Incidentally, one of the solutions offered by the President Musharaf of Pakistan was same as suggested by the RAC as constituted by Farooq Abdullah. This may establish the connection between the ‘mainstream’ politicians and Pakistan.

 

Fortunately this reorganisation fortifying the communal fault lines and with an eye on future calls for independence did not appeal to the Indian leadership and the whole plan was rightly shelved.

 

The Autonomy/Special Status Syndrome: 

 

The votaries of special status, more particularly the Abdullahs, need to answer the Kashmiri Muslims as to when it was abrogated and with whose consent. Abdullahs must explain to their constituency the difference between PM and CM, and between Sadr-e-Riyasat and Governor. They must inform people about the year when J&K ceased to have a PM and Sadr-e-Riyasat. They should also tell them as to who put final stamp of approval on abrogation of special status in the year 1974. There was no compulsion on the part of any Kashmiri Muslim leadership to accept the changes as incorporated in the political relationship between the erstwhile state of J&K and the Union of India; the changes were not accomplished at the gun point as mutually agreed procedures were followed to institutionalize them.

 

Yet, the politics of blackmail continued and the modus operandi was to lay all the blame at the door step of the GOI for the corrupt and dishonest indulgences of the local Kashmiri Muslim leadership.

 

What was abrogated?

 

The horse was dead in the year 1964 to be buried in the year 1974 and its skeleton was excavated and disposed off on 5th August, 2019 through the Indian Parliament’s proceedings and in this exercise the BJP smartly made use of the degenerate politics indulged in by the local and National level (mainly those who had been at the helm for most of the time since independence) politicians and claimed National acclaim for removal of nonexistent special status; the political purpose was to create a UT to checkmate nefarious designs of the touts of Pakistan (who lived under Indian protection; expenses paid by Indian tax payer) who for their lavish comforts sacrificed innocent lives in the name of Jihad.

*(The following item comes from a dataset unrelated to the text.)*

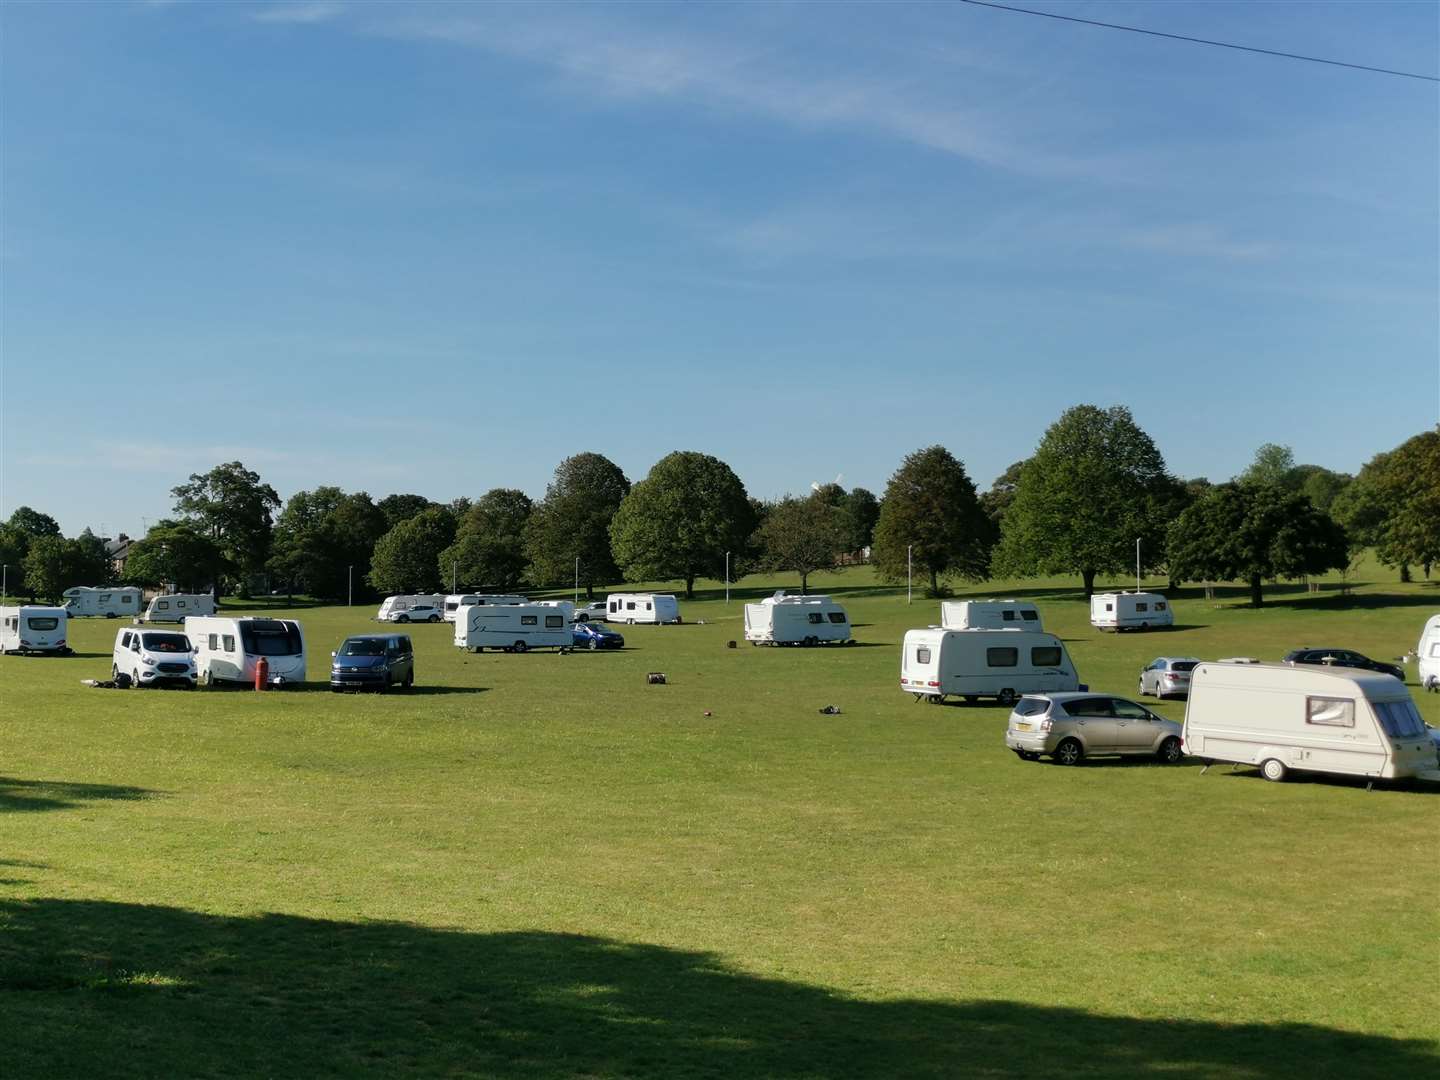 The travellers in Dane Park in Margate are understood to have travelled down from Hampshire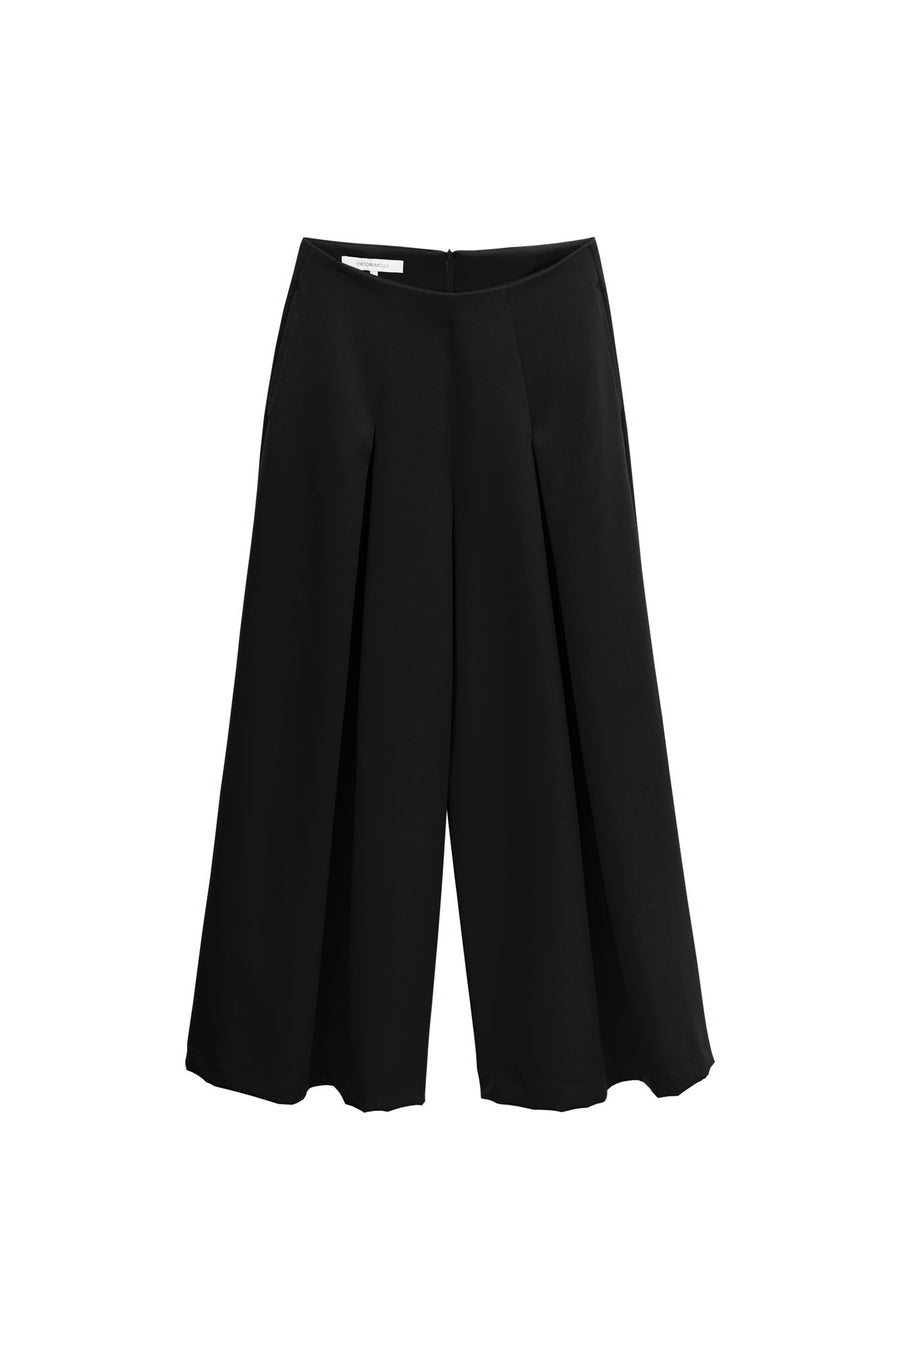 THE TAILORED PANTS BLACK

Shops selling Jihad and communalism closed down and dubious politicians with criminal intent found themselves unemployed.

 

Understanding the farce:

 

Within the Union of India, if there is a State that has PM and others have CMs then the one with PM enjoys special status with the Indian Union. All other associated issues are matters of administrative nature and define respective jurisdictions of the State and the Union insofar as governance of a civilized society is concerned. Once the PM chair is relegated to that of CM the special status no longer exits and that relegation happened in 1964 with the consent of those who had been close associates of Sheikh Mohammad Abdullah. They could have disagreed with/agitated against the Indian leadership and taken the matter to international forums, but they chose to give consent for, that got them to wield political power. If there ever was a case of political prostitution it was succumbing to greed of power over the promises made to the people. When the post of PM was relegated to that of CM, only ex PM (1953 to 1964) of J&K objected and protested and he was arrested under Defense of India Rules by his own party associates. If the local leadership was true to the people they too should have supported the ex PM, but that was not to be. Thereafter, it was free for all as local leaders chose to submit to the greed of political power.

 

The tallest leader of them all Sheikh Abdullah gave his consent in the year 1974 because 1) chair of power was awaiting him and 2) through that political power he could directly play important role in alienating Kashmiri Muslims from the Indian Union and he did that successfully being in league with Jamait – e – Islami. Rest is the history dominated by turmoil, pain, anguish and ethnic cleansing.

 

The ‘group of 6’ is itching to cause devastation as it costs nothing to them. The people of J&K, more particularly the Muslims, have to take a call to save the beautiful land of J&K from the predators. There is this need to promote and encourage politicians with honest intent to shape the destiny of the region in a way that would see only peace, happiness and prosperity of the people.